▶ EXERCISE: The reply should consist solely of the lines from the one with "A model wears" through the final line of the listing, copied exactly, with no pictures.

▶ PROVIDED DATA:
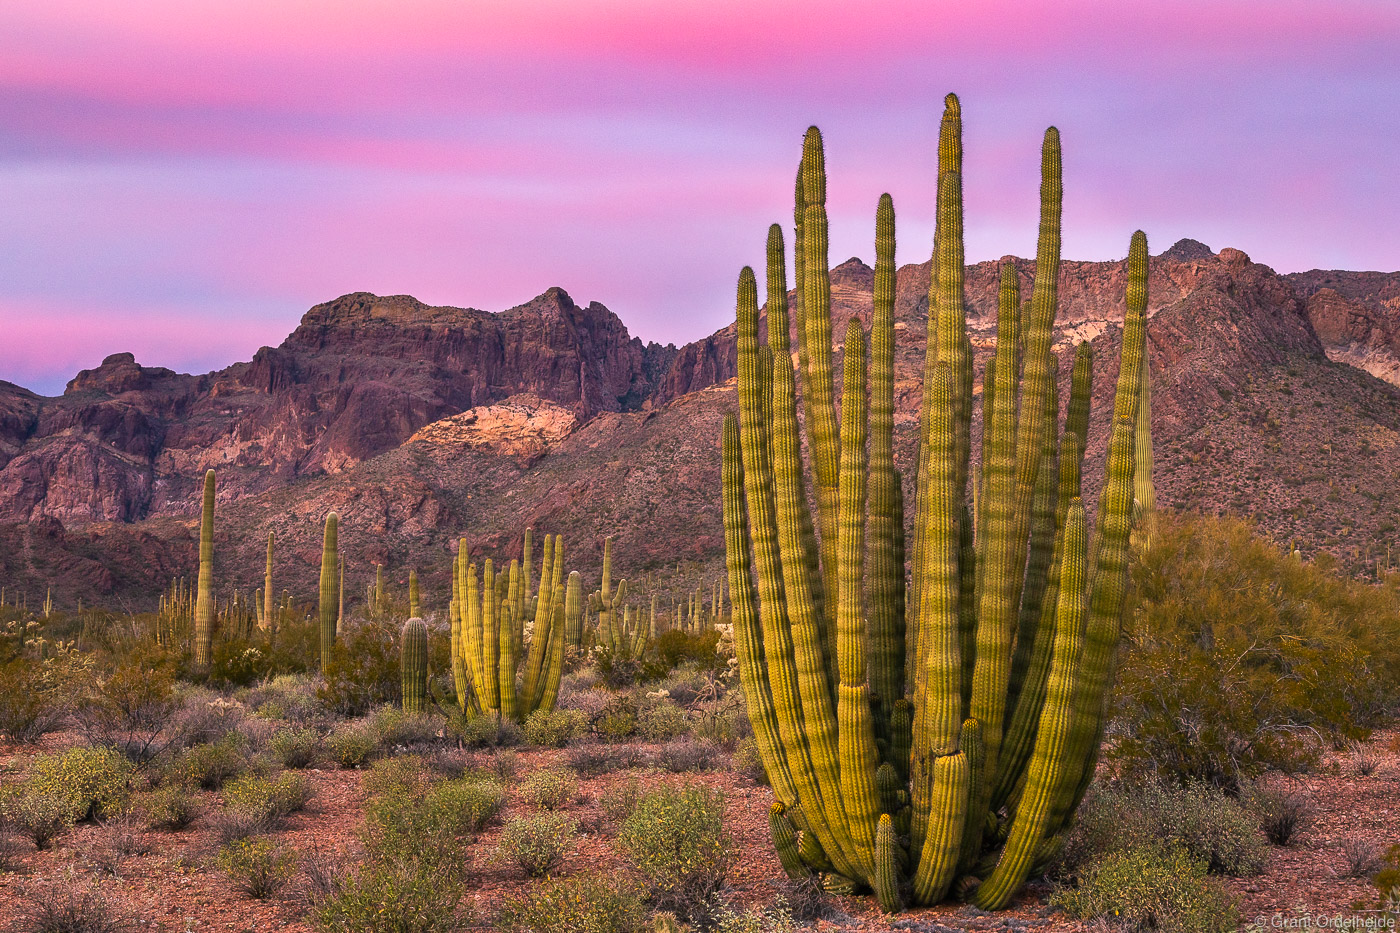 An Organ pipe cactus and the Ajo mountains in Arizona's Organ Pipe Cactus National Monument.
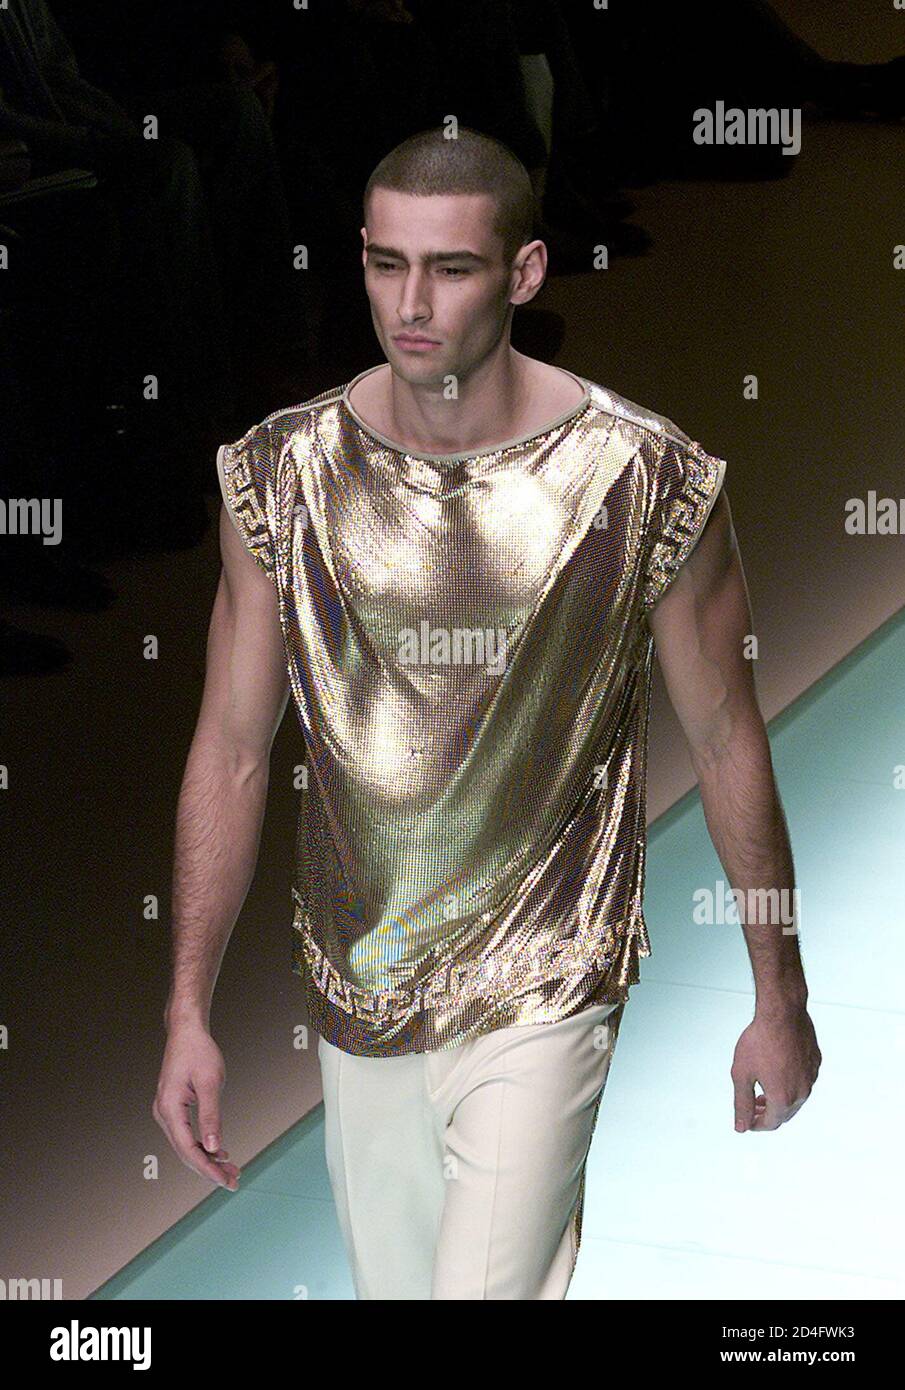 A model wears a short-sleeves shirt as part of Gianni Versace Autumn/Winter  ready-to-
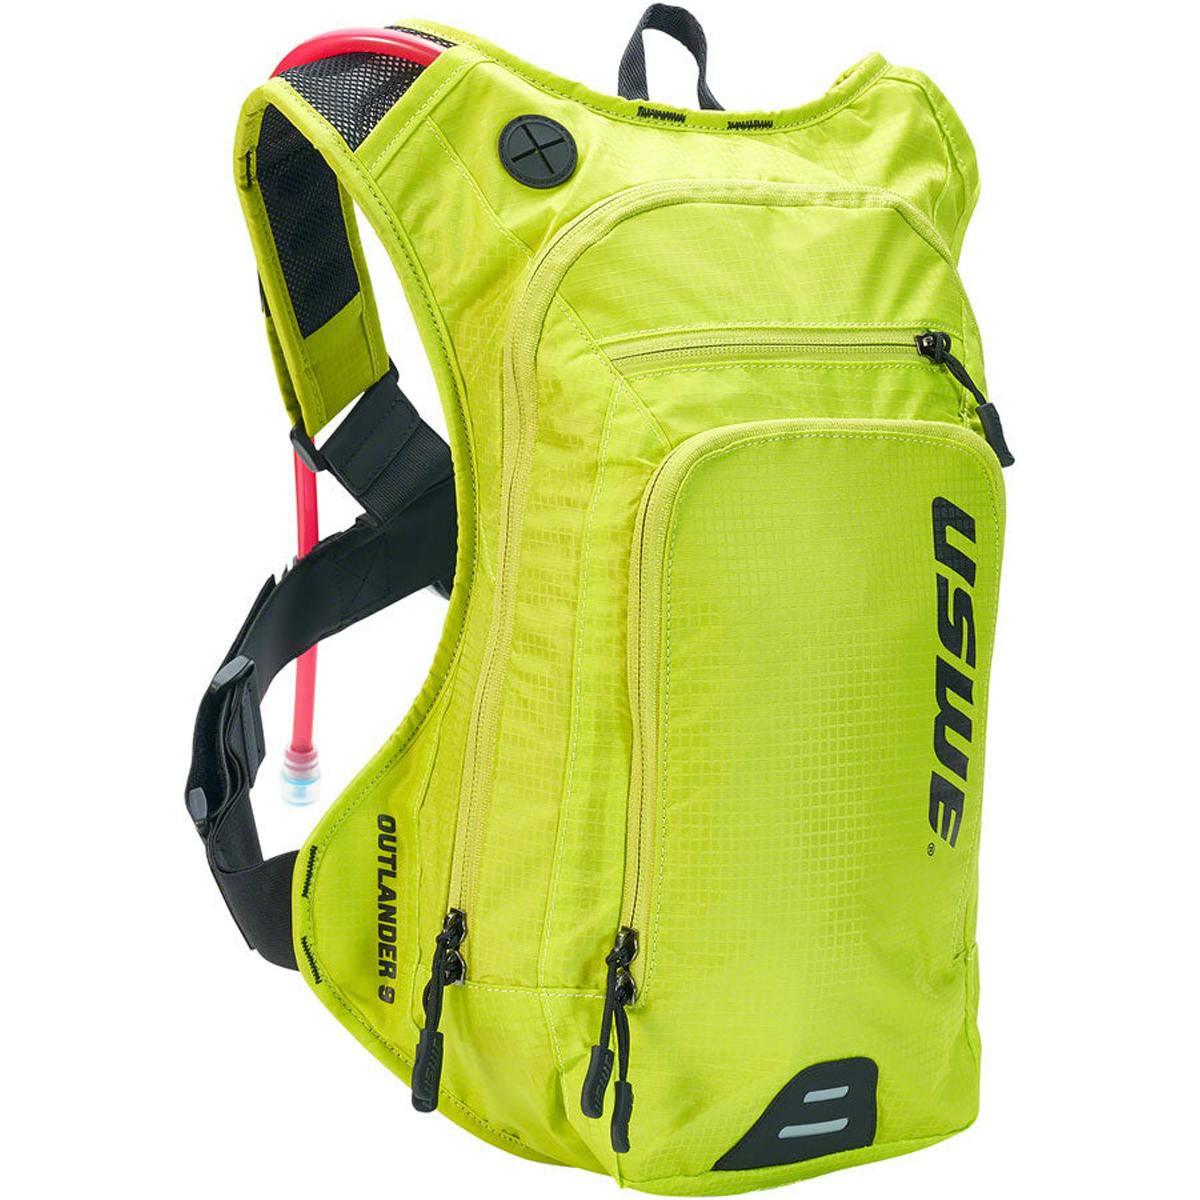 USWE Outlander 9 Hydration Pack - Crazy Yellow - 9L
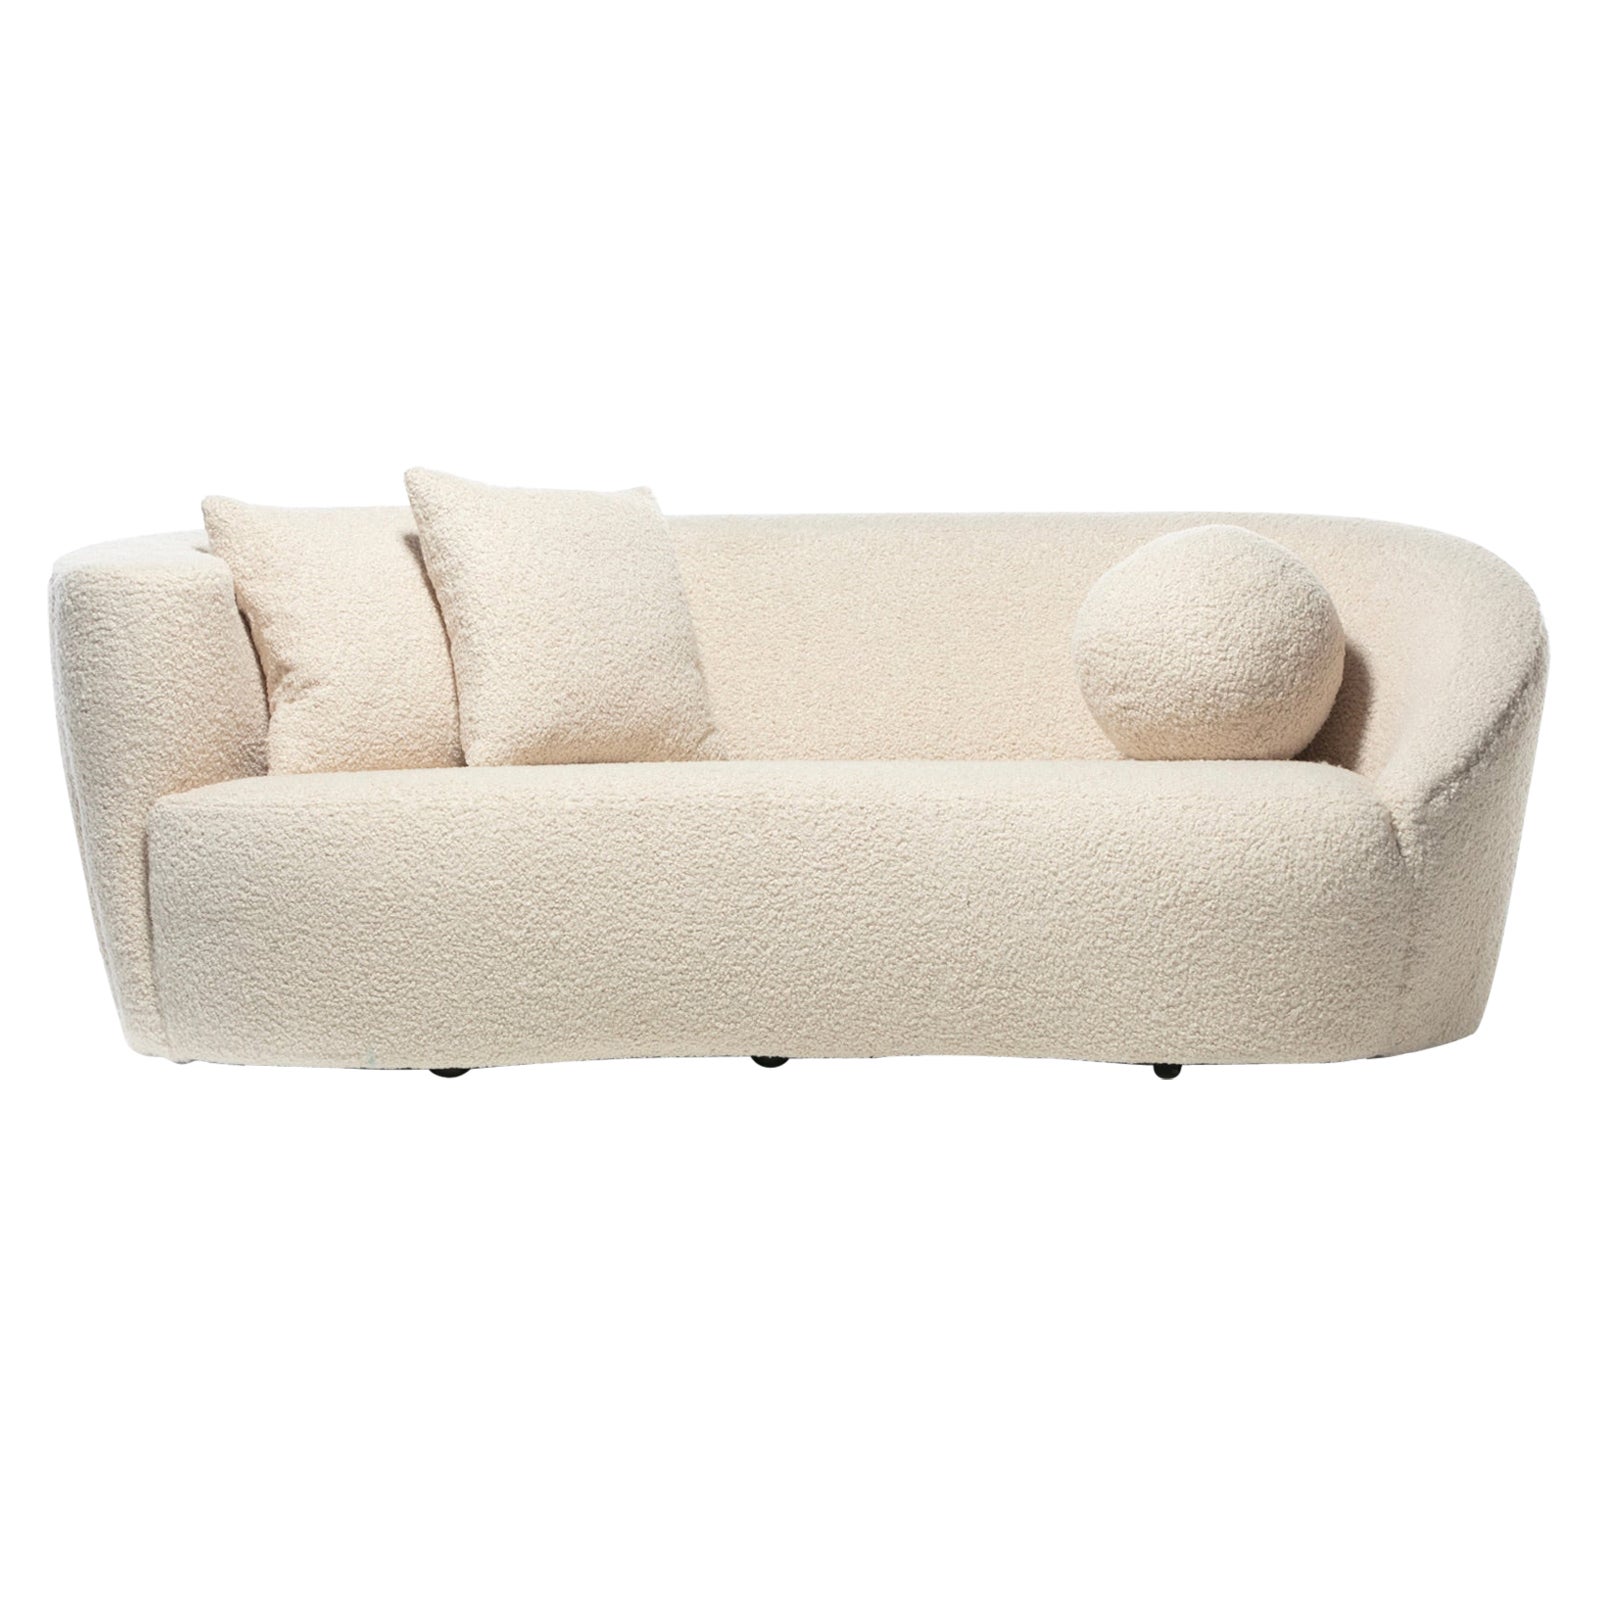 Vladimir Kagan Nautilus Sofa in Ivory White Bouclé by Directional, c. 1990 For Sale

▶ ANSWER SECTION:
 A model wears a short-sleeves shirt as part of Gianni Versace Autumn/Winter  ready-to-
 USWE Outlander 9 Hydration Pack - Crazy Yellow - 9L
 Vladimir Kagan Nautilus Sofa in Ivory White Bouclé by Directional, c. 1990 For Sale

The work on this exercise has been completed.